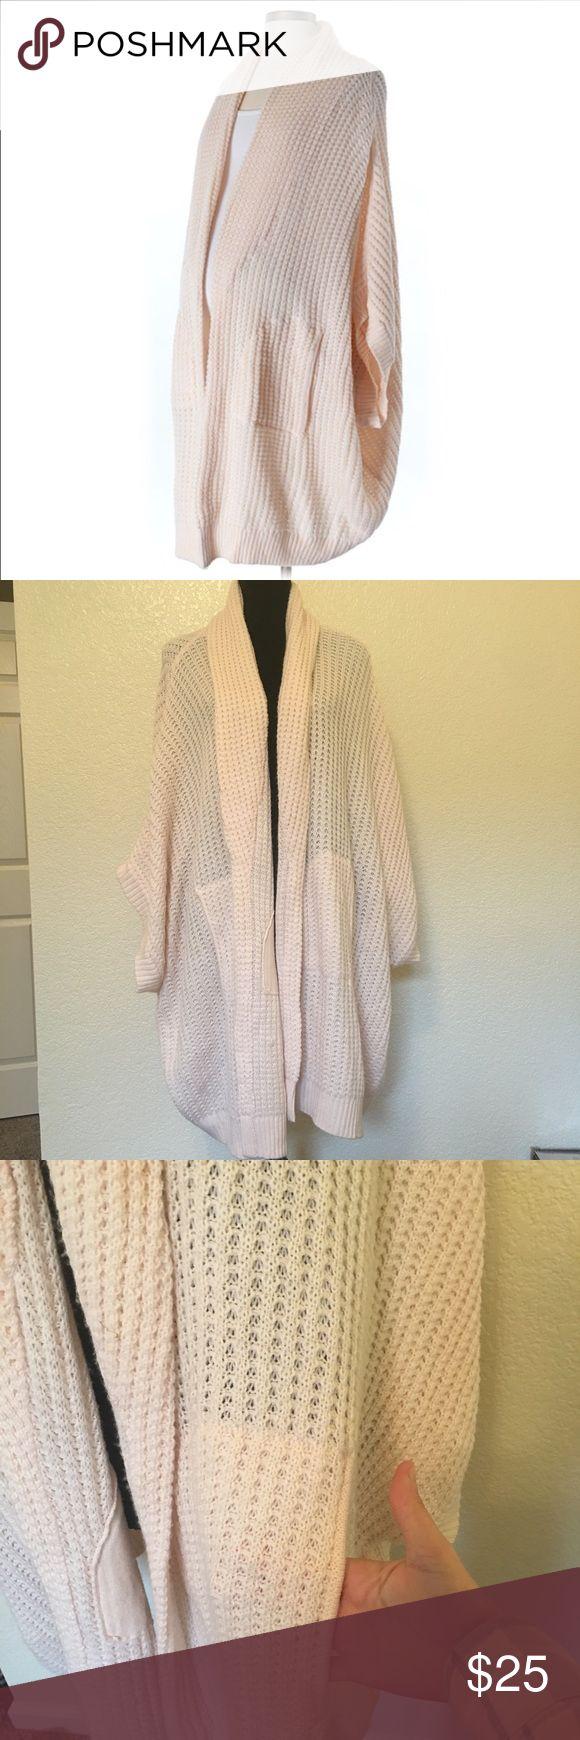 Jessica McCarthy plus size cardigan Jessica McCarthy open cardigan. Blush pink. Knit. Size 3X jessica mccarthy Sweaters Cardigans
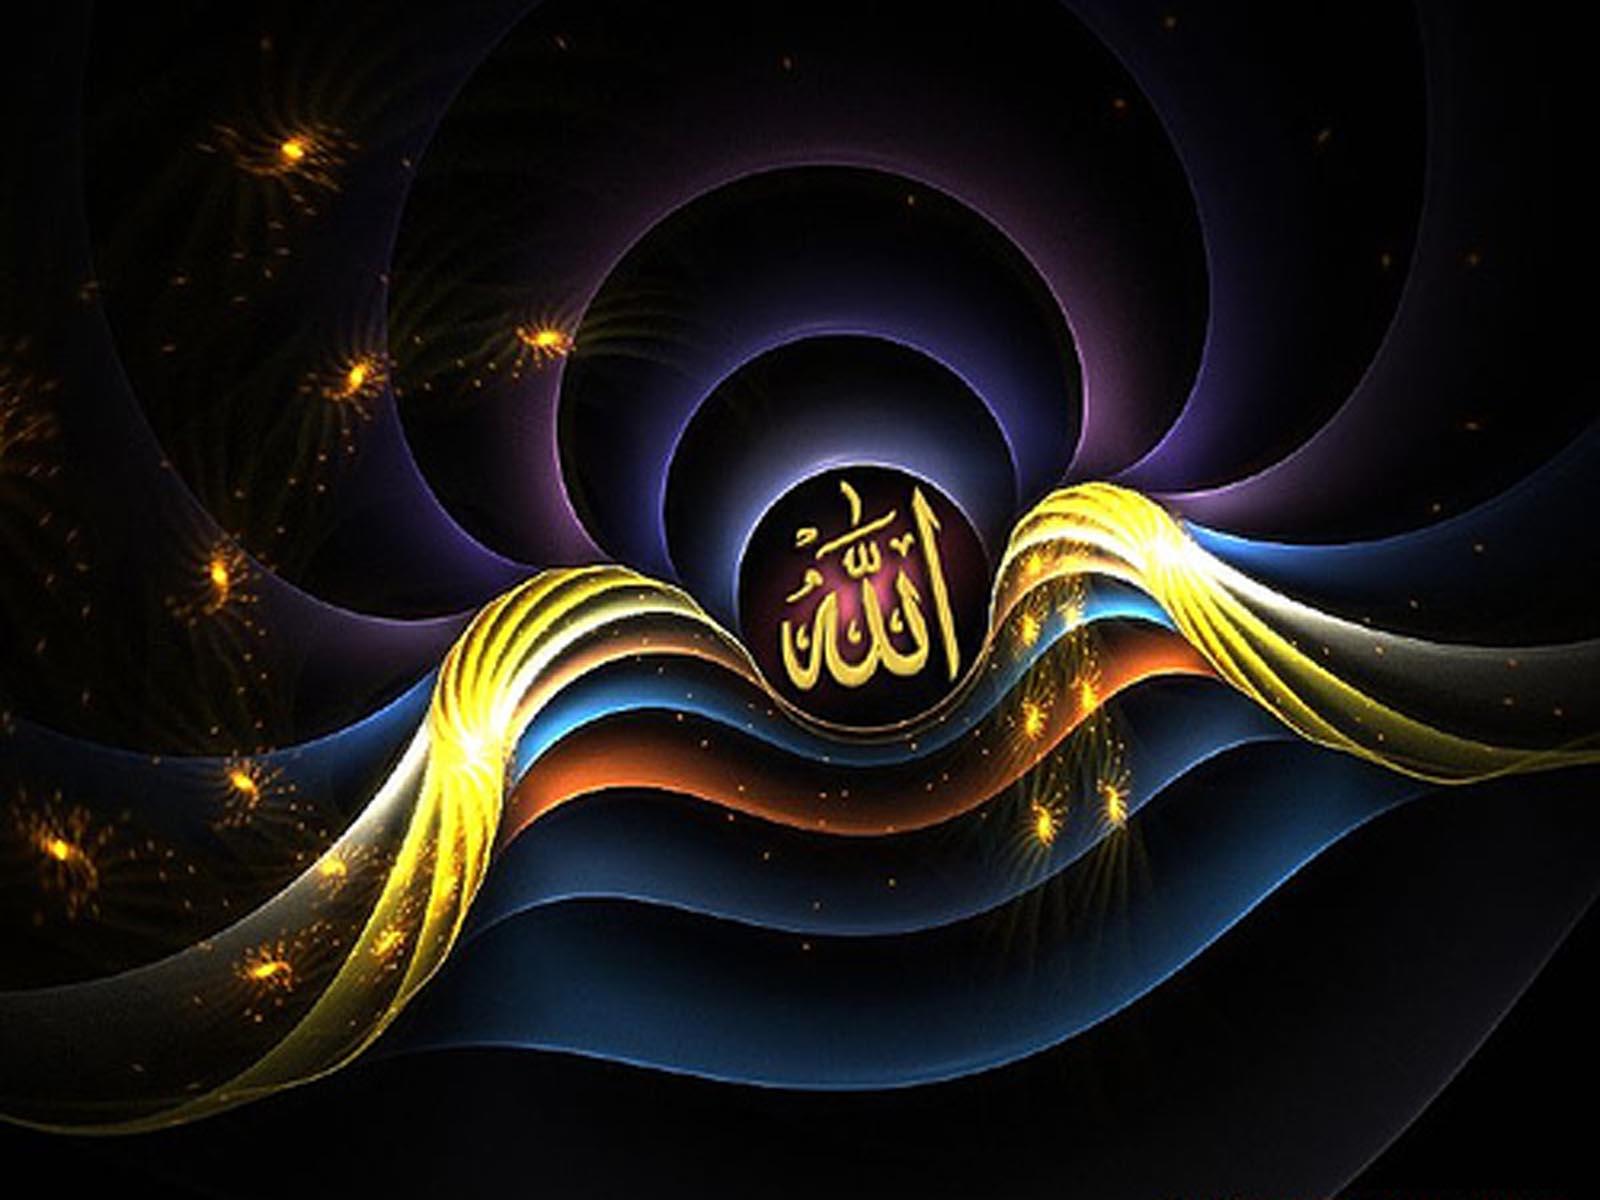 Wallpaper 4 Allah Name 5 6 1600x1200
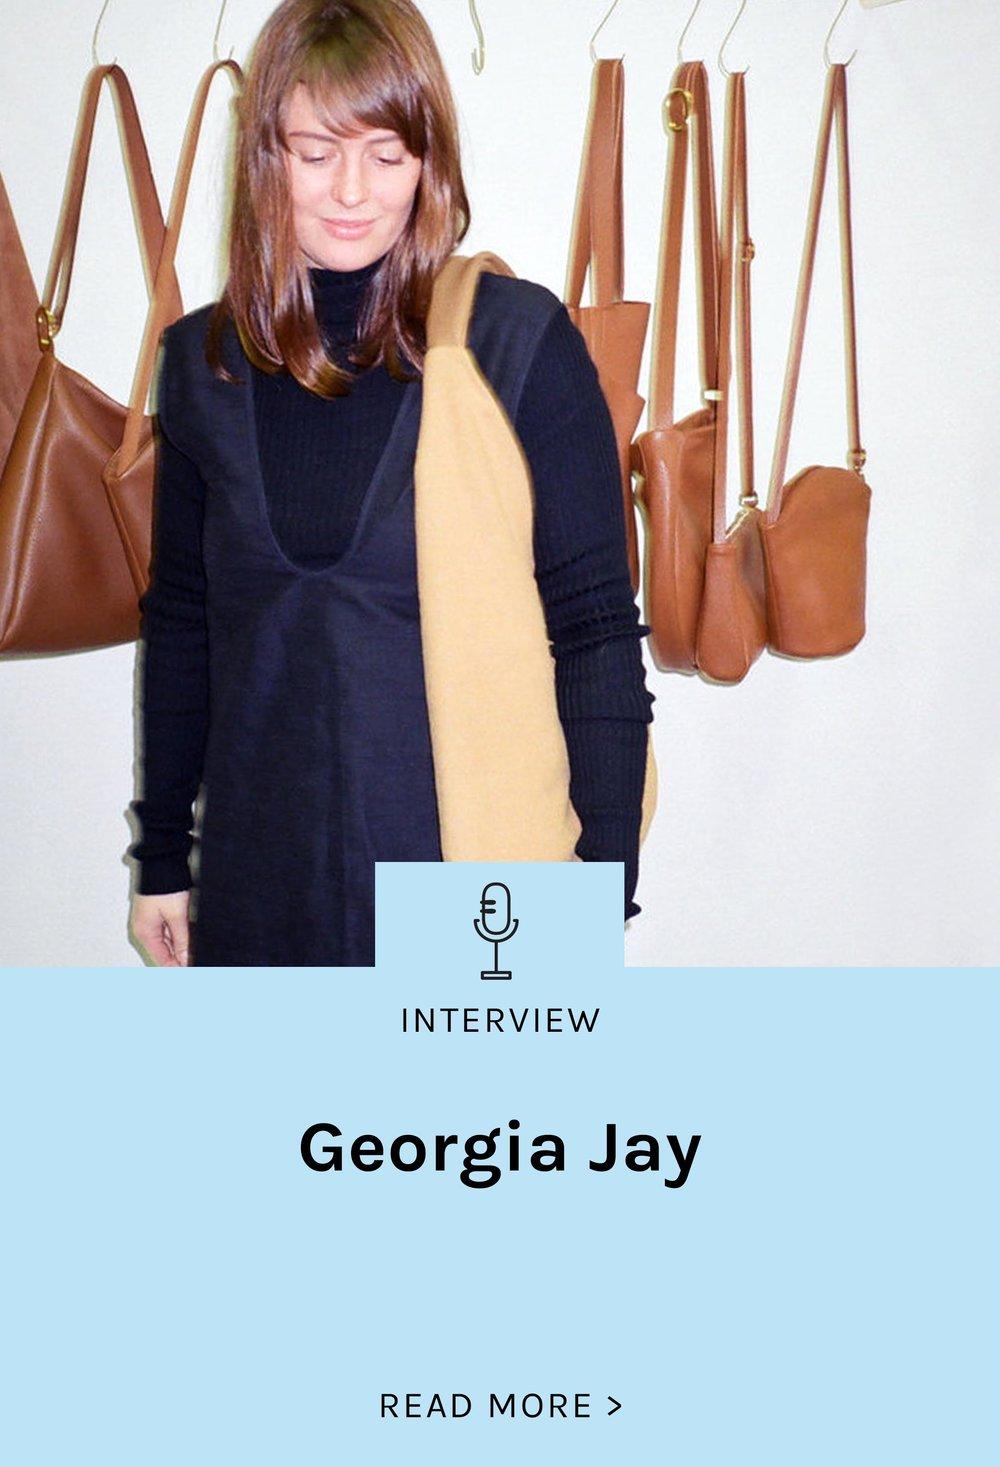 Georgia-Jay-Interview-BlogLanding.jpg
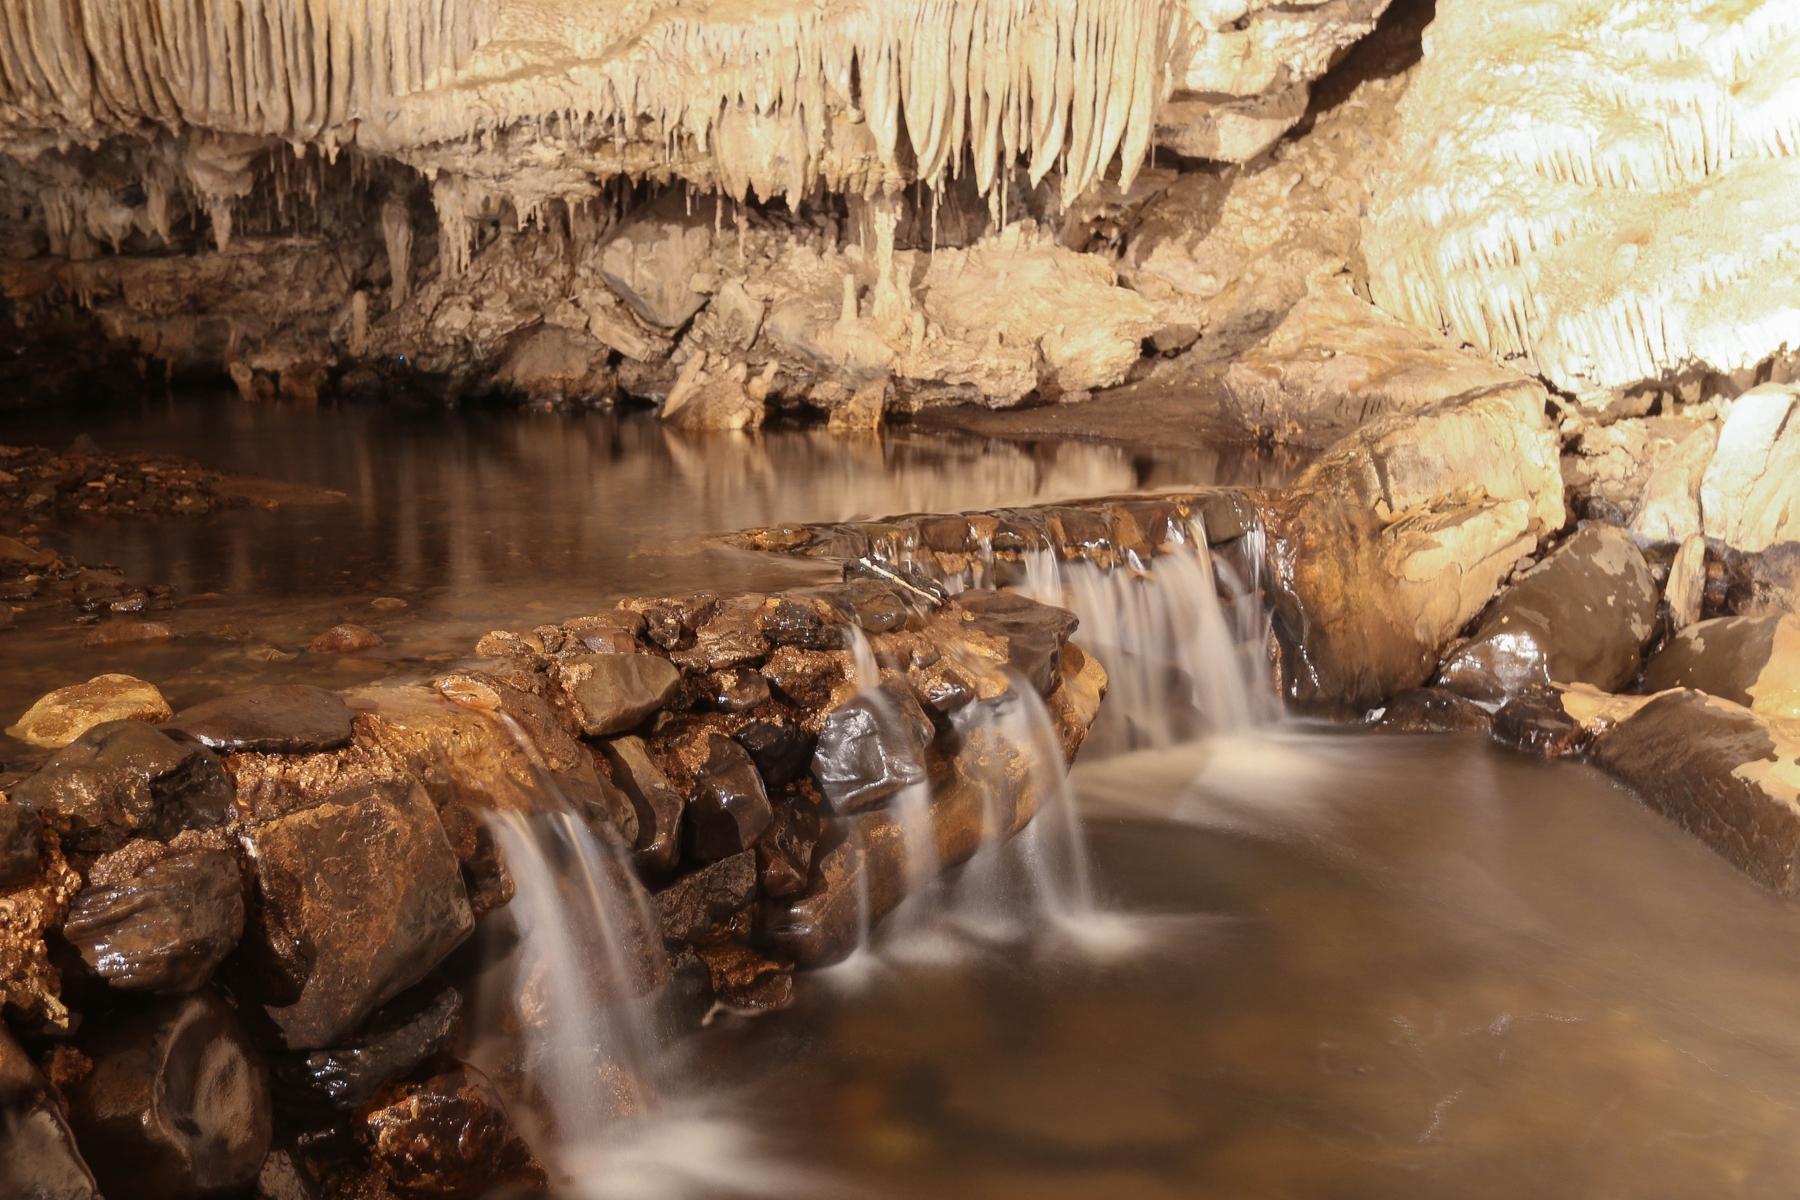 Marakoopa Cave, a limestone cave in Mole Creek Karst national park, north west Tasmania.

* _How to complete this task_
No pictures go in the copy. Output exactly the lines from the line containing "Wallpaper 4 Allah Name 5 6 1600x1200" through the end of the listing above.

* _Reply_
 Wallpaper 4 Allah Name 5 6 1600x1200
 Georgia-Jay-Interview-BlogLanding.jpg
 Marakoopa Cave, a limestone cave in Mole Creek Karst national park, north west Tasmania.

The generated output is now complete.